## WORK REQUEST
Below is some data. Retype exactly the lines starting at the one with "Solid Hooded Sweatshirt" and ending at the one with "Main Image - Rebecca".

** THE DATA follows **

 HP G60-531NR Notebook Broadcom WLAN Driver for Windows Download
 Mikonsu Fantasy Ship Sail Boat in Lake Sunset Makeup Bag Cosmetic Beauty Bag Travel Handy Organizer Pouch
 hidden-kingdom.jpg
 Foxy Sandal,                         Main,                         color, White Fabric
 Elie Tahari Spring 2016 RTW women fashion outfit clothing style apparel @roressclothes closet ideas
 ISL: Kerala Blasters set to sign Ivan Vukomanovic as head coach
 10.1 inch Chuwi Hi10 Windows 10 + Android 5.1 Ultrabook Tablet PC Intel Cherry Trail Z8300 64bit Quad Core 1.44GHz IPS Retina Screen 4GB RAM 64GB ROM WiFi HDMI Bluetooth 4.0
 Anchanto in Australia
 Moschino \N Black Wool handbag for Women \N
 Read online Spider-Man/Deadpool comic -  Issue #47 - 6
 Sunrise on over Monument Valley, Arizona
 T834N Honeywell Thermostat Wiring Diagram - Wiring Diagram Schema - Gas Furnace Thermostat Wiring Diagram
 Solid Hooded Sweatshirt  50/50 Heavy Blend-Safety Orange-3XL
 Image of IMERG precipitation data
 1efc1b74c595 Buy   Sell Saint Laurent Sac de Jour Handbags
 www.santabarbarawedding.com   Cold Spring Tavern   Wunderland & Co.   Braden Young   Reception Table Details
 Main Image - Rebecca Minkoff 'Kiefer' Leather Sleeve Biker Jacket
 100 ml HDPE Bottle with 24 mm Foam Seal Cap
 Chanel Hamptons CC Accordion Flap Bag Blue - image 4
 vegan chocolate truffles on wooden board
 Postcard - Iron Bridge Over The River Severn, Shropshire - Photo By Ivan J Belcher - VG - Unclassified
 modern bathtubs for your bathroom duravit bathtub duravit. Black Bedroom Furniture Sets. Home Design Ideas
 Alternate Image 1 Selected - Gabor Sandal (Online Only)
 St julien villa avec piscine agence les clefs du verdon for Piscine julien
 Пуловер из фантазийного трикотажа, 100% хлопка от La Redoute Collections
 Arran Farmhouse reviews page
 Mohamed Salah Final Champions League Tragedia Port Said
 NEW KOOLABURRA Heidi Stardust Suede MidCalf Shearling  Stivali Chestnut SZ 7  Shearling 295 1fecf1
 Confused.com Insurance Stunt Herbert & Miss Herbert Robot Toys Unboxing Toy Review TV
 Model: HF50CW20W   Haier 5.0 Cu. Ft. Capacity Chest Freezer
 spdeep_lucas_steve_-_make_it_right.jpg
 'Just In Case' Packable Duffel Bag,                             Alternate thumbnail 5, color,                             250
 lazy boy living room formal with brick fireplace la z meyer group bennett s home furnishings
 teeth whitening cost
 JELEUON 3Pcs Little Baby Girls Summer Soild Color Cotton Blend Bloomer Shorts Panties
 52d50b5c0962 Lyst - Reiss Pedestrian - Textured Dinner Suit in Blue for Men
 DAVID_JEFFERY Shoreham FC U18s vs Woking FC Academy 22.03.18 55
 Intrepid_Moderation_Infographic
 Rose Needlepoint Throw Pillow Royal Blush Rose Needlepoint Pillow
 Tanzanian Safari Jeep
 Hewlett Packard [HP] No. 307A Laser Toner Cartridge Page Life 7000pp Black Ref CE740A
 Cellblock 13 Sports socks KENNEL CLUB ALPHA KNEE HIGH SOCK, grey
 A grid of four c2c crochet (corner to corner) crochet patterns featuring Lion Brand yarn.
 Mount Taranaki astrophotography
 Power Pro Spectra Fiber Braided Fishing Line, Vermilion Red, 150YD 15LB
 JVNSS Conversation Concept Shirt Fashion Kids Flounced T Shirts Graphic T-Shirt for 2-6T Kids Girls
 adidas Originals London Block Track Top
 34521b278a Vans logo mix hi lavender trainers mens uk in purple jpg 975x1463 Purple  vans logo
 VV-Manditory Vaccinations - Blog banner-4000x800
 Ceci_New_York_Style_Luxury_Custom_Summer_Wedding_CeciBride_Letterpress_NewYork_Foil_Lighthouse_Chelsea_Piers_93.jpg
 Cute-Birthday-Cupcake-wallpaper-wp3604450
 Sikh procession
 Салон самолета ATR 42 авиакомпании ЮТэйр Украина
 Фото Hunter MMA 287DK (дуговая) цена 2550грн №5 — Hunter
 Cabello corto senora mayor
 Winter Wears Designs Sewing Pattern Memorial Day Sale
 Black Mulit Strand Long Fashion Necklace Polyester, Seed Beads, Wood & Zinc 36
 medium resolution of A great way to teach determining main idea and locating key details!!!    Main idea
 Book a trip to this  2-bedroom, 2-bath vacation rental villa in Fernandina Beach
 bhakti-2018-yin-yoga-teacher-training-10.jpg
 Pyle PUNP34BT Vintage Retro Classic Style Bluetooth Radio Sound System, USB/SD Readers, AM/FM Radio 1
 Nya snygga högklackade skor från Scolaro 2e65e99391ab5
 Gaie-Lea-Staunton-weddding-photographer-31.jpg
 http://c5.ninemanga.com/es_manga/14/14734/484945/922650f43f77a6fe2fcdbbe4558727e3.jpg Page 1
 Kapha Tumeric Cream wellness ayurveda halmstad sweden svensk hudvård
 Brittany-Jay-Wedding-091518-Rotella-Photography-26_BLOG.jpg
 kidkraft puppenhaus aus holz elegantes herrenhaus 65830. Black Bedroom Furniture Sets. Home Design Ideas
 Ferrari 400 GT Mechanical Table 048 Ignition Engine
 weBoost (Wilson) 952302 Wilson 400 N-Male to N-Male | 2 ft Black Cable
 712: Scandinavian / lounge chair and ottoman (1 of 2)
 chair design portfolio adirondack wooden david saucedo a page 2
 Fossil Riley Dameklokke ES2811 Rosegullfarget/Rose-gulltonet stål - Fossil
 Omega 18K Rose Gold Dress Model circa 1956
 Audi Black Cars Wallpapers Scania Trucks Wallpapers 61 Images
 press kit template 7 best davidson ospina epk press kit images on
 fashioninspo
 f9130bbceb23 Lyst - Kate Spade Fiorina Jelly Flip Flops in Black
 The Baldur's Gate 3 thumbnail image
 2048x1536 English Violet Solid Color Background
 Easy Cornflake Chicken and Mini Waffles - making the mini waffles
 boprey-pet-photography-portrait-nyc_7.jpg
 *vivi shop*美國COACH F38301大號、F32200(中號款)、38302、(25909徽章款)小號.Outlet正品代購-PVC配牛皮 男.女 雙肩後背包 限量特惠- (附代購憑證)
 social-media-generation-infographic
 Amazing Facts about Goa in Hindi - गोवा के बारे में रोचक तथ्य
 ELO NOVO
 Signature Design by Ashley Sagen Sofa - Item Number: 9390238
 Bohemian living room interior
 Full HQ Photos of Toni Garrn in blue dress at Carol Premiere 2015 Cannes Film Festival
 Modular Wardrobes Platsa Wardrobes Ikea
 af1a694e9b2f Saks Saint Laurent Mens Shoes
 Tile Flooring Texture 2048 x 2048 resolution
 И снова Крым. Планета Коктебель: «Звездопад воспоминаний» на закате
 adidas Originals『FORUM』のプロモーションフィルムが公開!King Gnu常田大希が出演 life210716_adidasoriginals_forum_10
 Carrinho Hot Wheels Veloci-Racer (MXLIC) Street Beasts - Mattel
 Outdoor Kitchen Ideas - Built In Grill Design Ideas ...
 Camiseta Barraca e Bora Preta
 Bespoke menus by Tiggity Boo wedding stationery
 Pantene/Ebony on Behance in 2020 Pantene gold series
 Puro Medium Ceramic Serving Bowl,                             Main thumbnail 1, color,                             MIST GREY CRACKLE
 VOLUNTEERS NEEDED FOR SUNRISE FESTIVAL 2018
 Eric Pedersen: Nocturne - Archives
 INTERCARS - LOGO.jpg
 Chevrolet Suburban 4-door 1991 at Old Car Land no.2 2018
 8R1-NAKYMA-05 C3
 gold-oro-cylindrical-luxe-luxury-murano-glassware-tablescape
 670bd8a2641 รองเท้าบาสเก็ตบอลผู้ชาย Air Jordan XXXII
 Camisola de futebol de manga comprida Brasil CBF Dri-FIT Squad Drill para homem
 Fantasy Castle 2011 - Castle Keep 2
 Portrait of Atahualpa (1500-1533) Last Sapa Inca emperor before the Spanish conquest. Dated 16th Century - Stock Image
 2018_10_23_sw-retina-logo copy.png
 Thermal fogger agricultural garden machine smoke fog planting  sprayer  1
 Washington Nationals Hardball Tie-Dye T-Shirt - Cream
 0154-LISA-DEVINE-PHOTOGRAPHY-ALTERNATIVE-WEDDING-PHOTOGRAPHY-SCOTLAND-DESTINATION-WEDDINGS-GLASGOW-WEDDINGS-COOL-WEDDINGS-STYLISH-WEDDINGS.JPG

** End of THE DATA **

## RESPONSE BELOW
 Solid Hooded Sweatshirt  50/50 Heavy Blend-Safety Orange-3XL
 Image of IMERG precipitation data
 1efc1b74c595 Buy   Sell Saint Laurent Sac de Jour Handbags
 www.santabarbarawedding.com   Cold Spring Tavern   Wunderland & Co.   Braden Young   Reception Table Details
 Main Image - Rebecca Minkoff 'Kiefer' Leather Sleeve Biker Jacket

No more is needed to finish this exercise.